I'm tasked with determining the values of $x$ for which $f(x)=\cos{x}\approx 1-\frac{x^2}{2!}+\frac{x^4}{4!}$ has an error no greater than 0.001.
Using the error for Taylor polynomials $E = |R_n(x)| = \frac{(x-c)^{n+1}}{(n+1)!}\max|f^{n+1}(x)|$
I've determined that $$E = \frac{x^5}{5!}\le0.001$$
since $f^{(5)}(z)=-\sin{z}$ is bounded by -1 and 1, and no specific interval is given in the problem motivation.
Therefore, values of $x$ for which the 4th-order Maclaurin polynomial approximate $\sin{x}$ with an error no greater than 0.001 should be $$(-0.001\times5!)^{1/5}\le x \le (0.001\times5!)^{1/5}$$ or $$-0.65438939 \le x \le 0.65438939$$ This is not the answer given in the solution manual. I'm clearly making a mistake, and I don't believe it's in my arithmetic. What bad assumption (or incorrect application of the error formula) am I using here?

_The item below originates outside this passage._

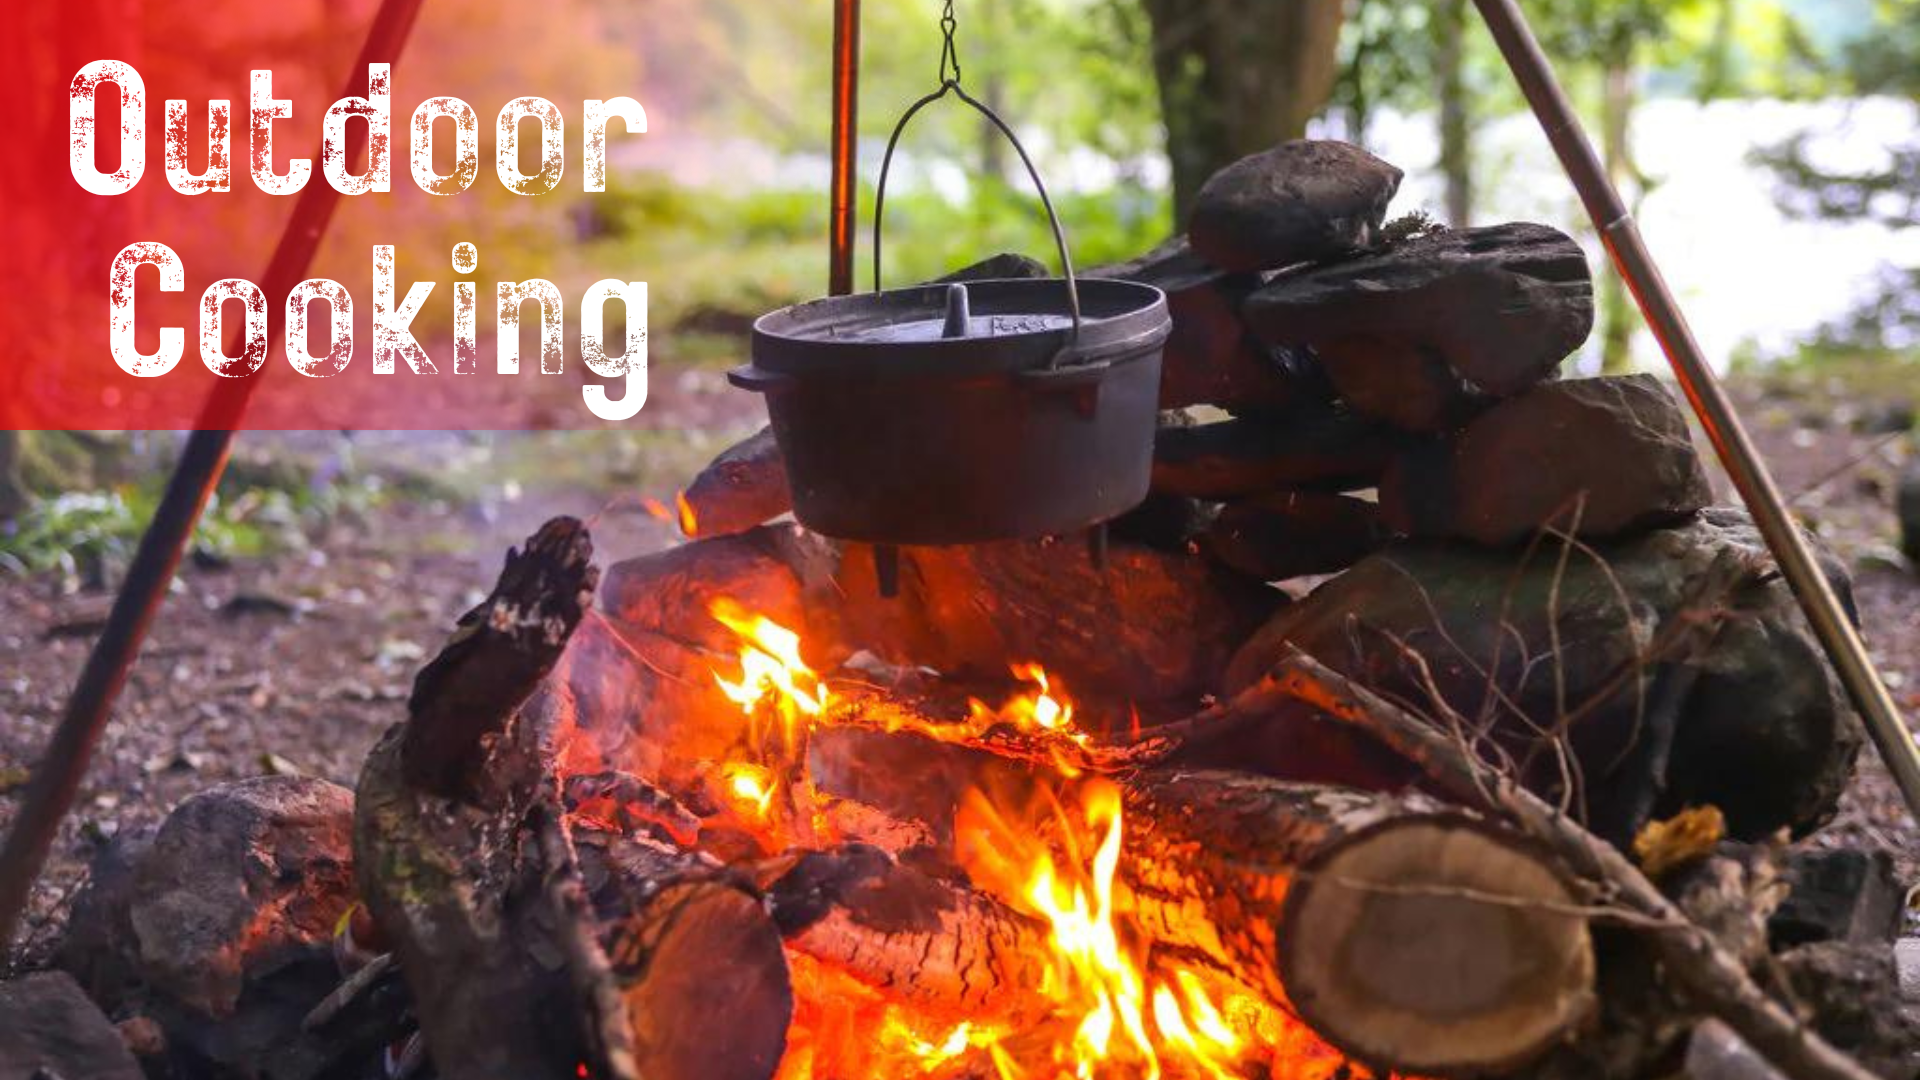 Outdoor Cooking- outdoor kitchen

As it turns out, when $x$ is sufficiently small, $\sin(x)$ is close enough to $x$ such that $$\frac{f^{(5)}(z)x^{5}}{5!} \approx \frac{x^6}{5!}$$
which gives an interval of $$-0.936410984 \le x \le0.936410984$$
This is pretty close to the answer, though for some reason the book takes the error up to the sixth order.